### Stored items
========================================

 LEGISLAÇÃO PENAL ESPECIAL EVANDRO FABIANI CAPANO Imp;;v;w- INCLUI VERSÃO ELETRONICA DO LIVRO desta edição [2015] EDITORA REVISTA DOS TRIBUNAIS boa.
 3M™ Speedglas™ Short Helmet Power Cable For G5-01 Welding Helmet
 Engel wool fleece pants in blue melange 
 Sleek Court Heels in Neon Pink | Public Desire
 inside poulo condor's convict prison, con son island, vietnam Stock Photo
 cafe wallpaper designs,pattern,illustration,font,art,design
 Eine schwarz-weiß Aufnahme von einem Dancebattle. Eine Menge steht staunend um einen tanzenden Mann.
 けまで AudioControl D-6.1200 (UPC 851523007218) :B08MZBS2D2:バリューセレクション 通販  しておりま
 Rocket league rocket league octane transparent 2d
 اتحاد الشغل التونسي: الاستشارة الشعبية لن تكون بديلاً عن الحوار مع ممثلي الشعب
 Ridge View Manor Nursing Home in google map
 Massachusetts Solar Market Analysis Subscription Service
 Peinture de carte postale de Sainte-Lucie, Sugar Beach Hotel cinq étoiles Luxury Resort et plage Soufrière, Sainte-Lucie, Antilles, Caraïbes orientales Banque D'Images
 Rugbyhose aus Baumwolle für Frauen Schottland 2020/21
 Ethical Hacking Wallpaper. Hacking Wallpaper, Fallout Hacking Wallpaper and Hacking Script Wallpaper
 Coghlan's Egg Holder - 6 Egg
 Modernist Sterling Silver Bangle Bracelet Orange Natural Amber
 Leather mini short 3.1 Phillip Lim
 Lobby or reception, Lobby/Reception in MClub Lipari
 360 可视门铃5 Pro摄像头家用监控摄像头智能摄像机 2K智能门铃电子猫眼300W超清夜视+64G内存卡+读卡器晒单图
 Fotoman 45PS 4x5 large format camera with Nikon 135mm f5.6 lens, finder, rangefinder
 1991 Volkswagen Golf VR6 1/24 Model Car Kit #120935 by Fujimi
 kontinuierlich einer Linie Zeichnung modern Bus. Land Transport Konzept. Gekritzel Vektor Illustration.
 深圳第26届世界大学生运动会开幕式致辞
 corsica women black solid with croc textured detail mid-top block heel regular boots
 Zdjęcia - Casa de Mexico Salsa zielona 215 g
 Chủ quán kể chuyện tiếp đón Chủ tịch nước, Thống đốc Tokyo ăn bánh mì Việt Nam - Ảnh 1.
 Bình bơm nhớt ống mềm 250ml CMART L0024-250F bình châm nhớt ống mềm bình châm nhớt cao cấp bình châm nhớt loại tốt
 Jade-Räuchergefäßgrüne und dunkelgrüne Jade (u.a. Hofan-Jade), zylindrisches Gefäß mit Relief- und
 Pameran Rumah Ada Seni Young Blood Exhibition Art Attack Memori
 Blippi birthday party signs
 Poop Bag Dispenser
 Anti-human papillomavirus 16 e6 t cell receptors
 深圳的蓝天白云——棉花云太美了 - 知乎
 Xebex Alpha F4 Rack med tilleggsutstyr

========================================

### About this exercise
The line containing "اتحاد الشغل التونسي: الاستشارة" marks the end: copy exactly every line from the top of the data above down to it, that line included.

### Solution to the exercise
 LEGISLAÇÃO PENAL ESPECIAL EVANDRO FABIANI CAPANO Imp;;v;w- INCLUI VERSÃO ELETRONICA DO LIVRO desta edição [2015] EDITORA REVISTA DOS TRIBUNAIS boa.
 3M™ Speedglas™ Short Helmet Power Cable For G5-01 Welding Helmet
 Engel wool fleece pants in blue melange 
 Sleek Court Heels in Neon Pink | Public Desire
 inside poulo condor's convict prison, con son island, vietnam Stock Photo
 cafe wallpaper designs,pattern,illustration,font,art,design
 Eine schwarz-weiß Aufnahme von einem Dancebattle. Eine Menge steht staunend um einen tanzenden Mann.
 けまで AudioControl D-6.1200 (UPC 851523007218) :B08MZBS2D2:バリューセレクション 通販  しておりま
 Rocket league rocket league octane transparent 2d
 اتحاد الشغل التونسي: الاستشارة الشعبية لن تكون بديلاً عن الحوار مع ممثلي الشعب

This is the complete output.